▶ DIRECTIONS FOR THIS TASK:
Quote exactly, and only, the lines from the one containing "Máy bay thủy" through the end of the material below. Skip pictures.

▶ DATA SEGMENT:
= = = = =

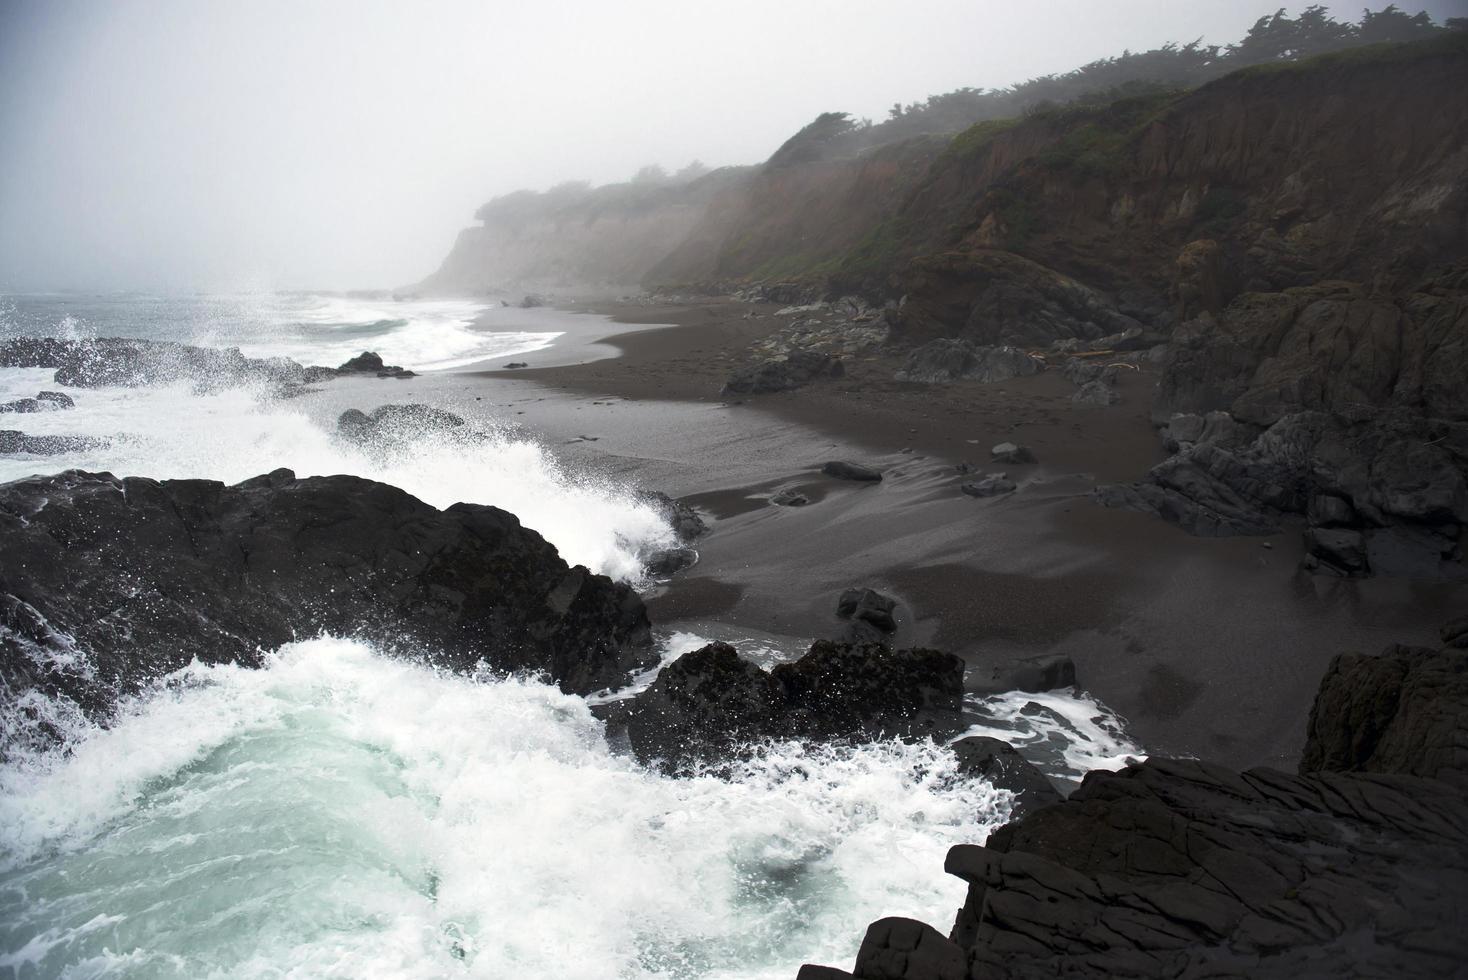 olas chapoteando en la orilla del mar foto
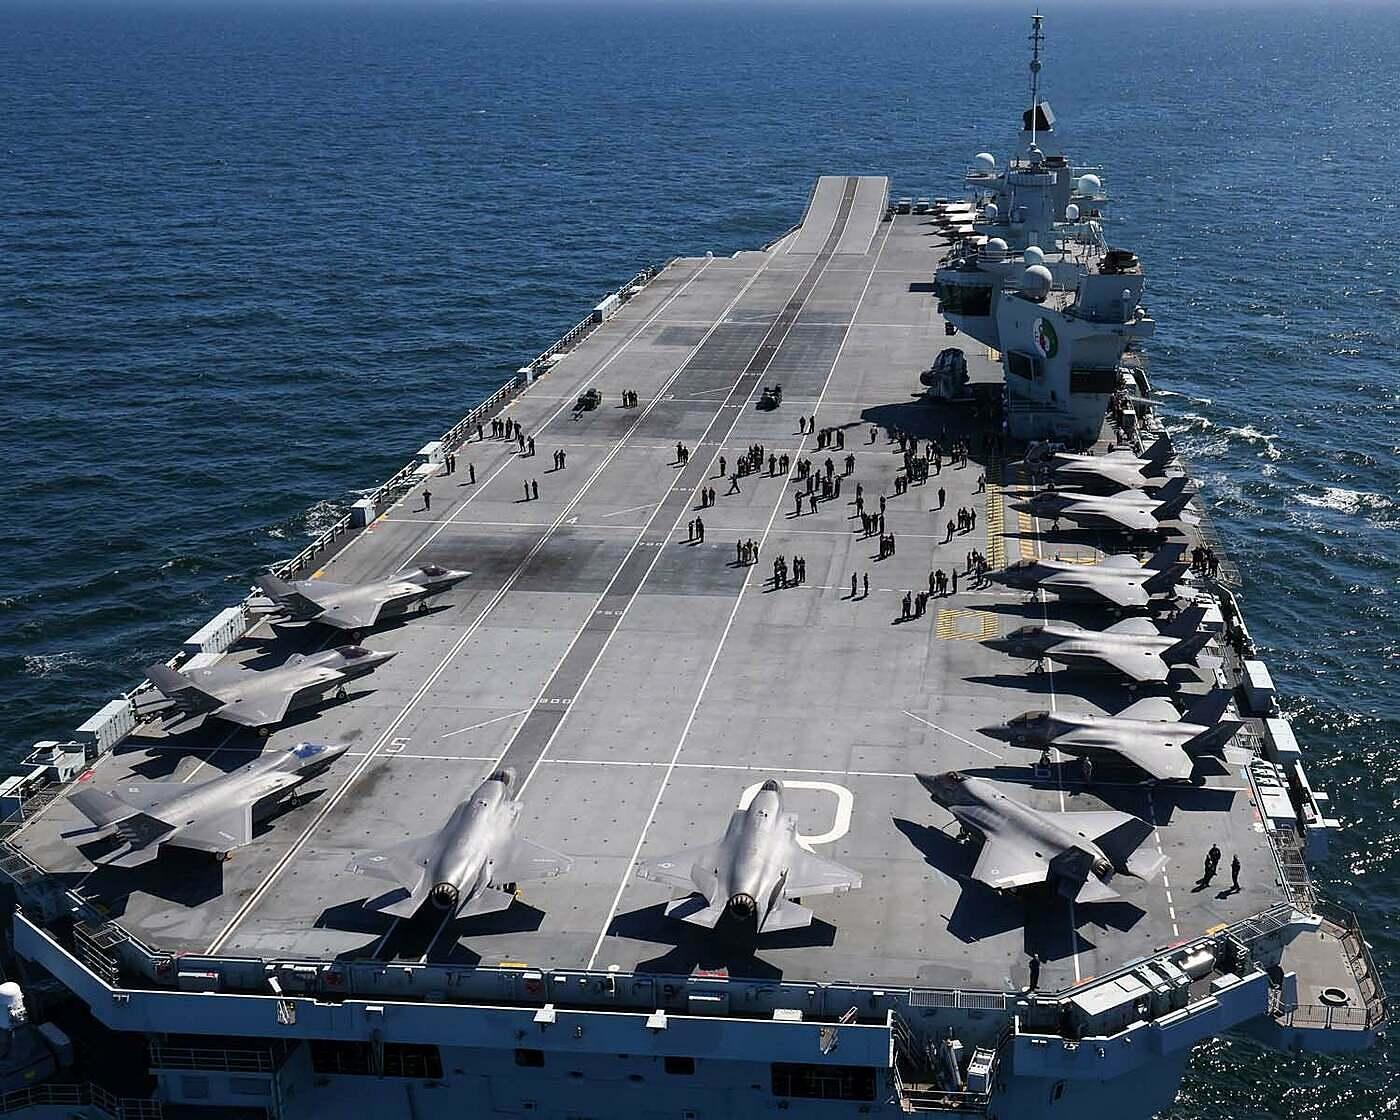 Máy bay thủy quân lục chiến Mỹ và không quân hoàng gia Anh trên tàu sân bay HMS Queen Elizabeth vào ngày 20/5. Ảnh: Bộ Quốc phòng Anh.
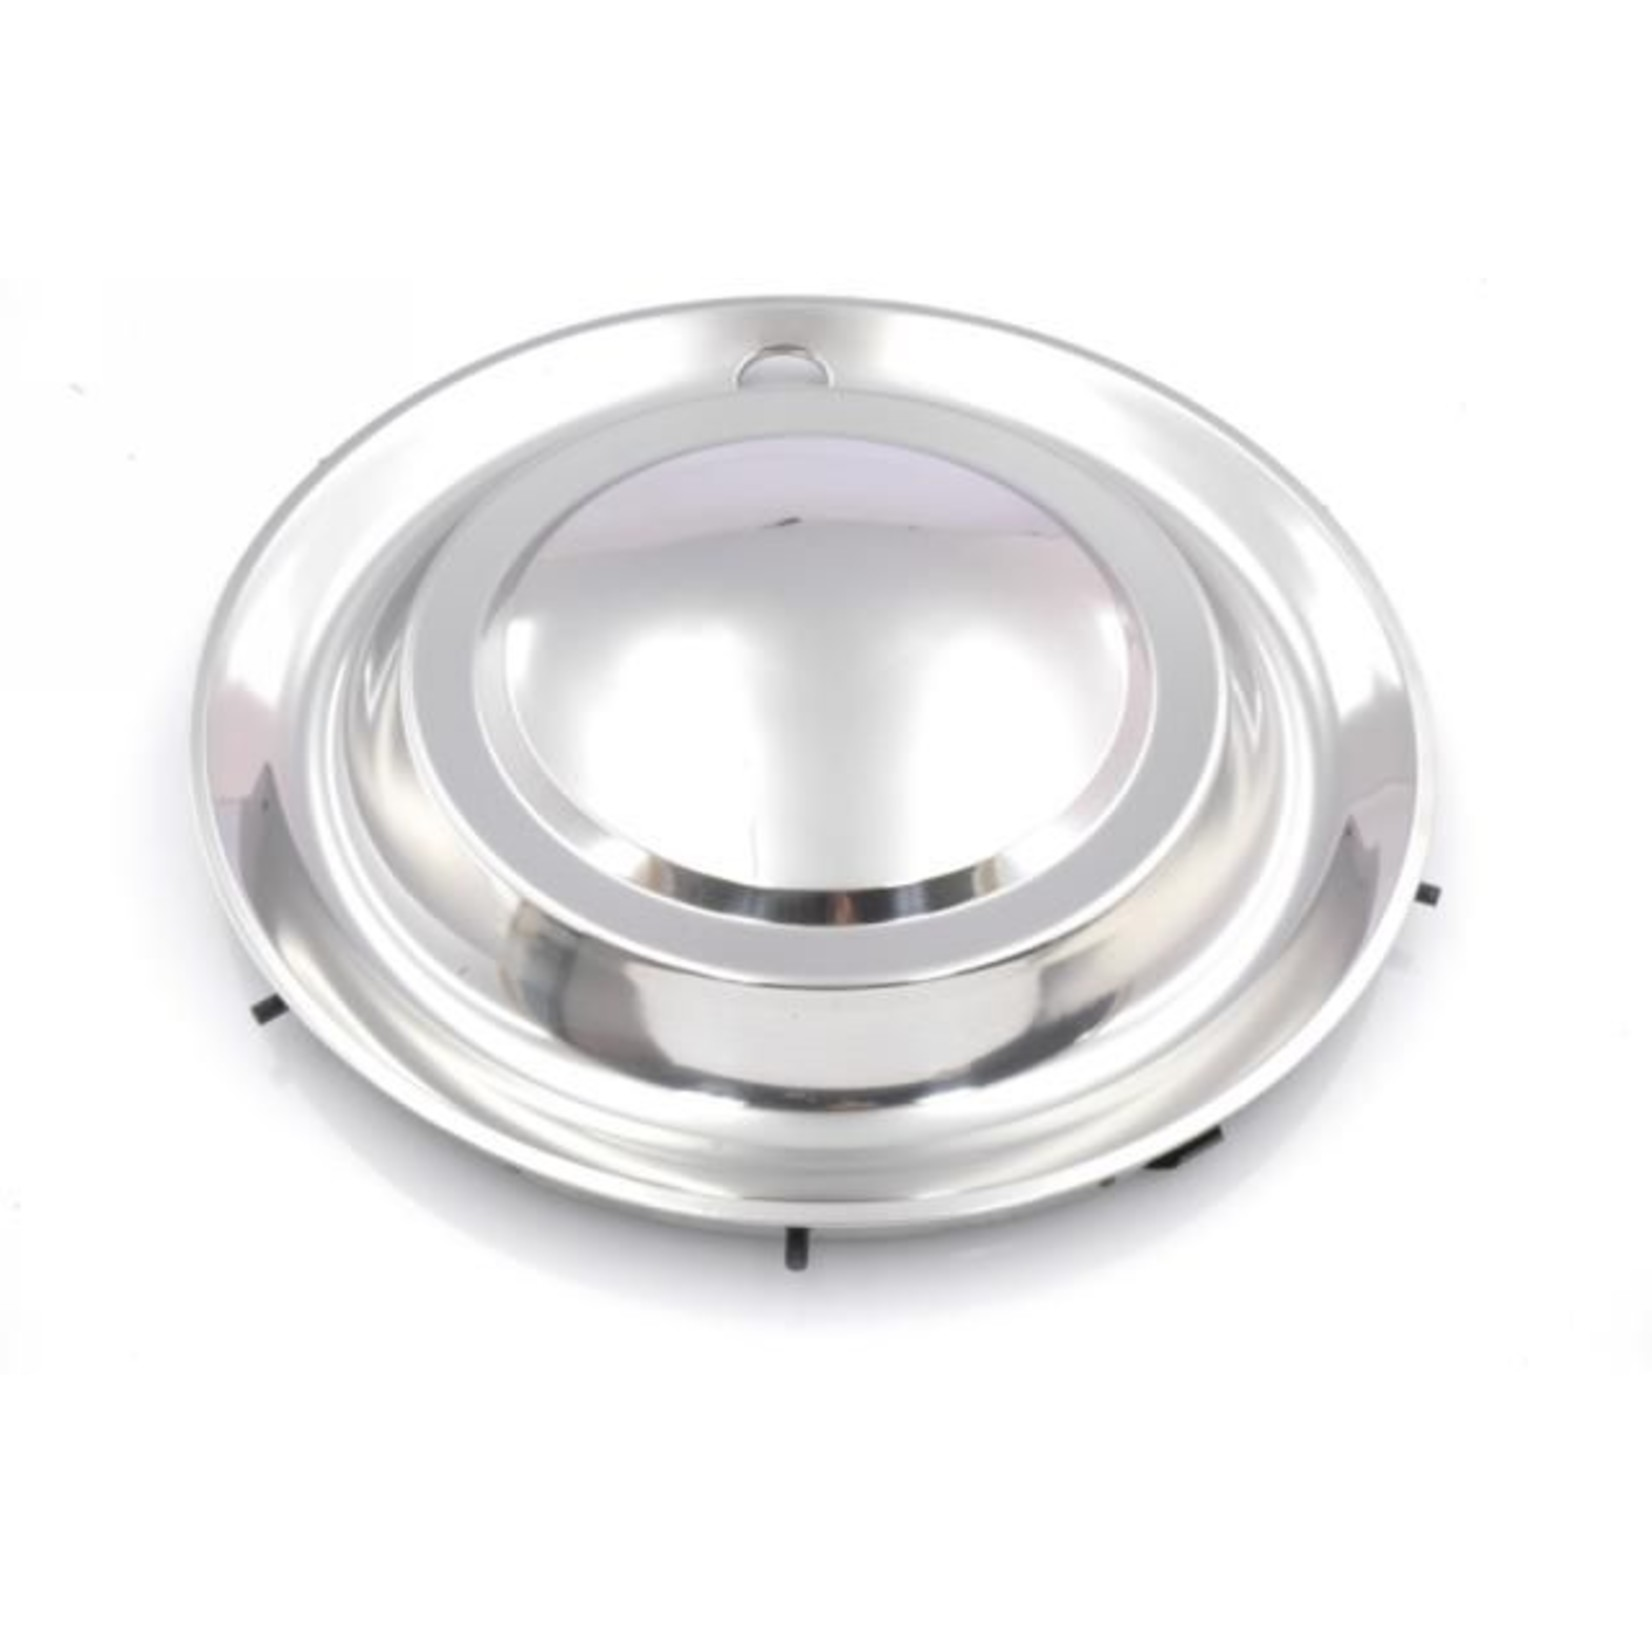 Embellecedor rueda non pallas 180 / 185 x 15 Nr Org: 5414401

= = = = =

▶ WRITTEN RESPONSE:
 Máy bay thủy quân lục chiến Mỹ và không quân hoàng gia Anh trên tàu sân bay HMS Queen Elizabeth vào ngày 20/5. Ảnh: Bộ Quốc phòng Anh.
 Embellecedor rueda non pallas 180 / 185 x 15 Nr Org: 5414401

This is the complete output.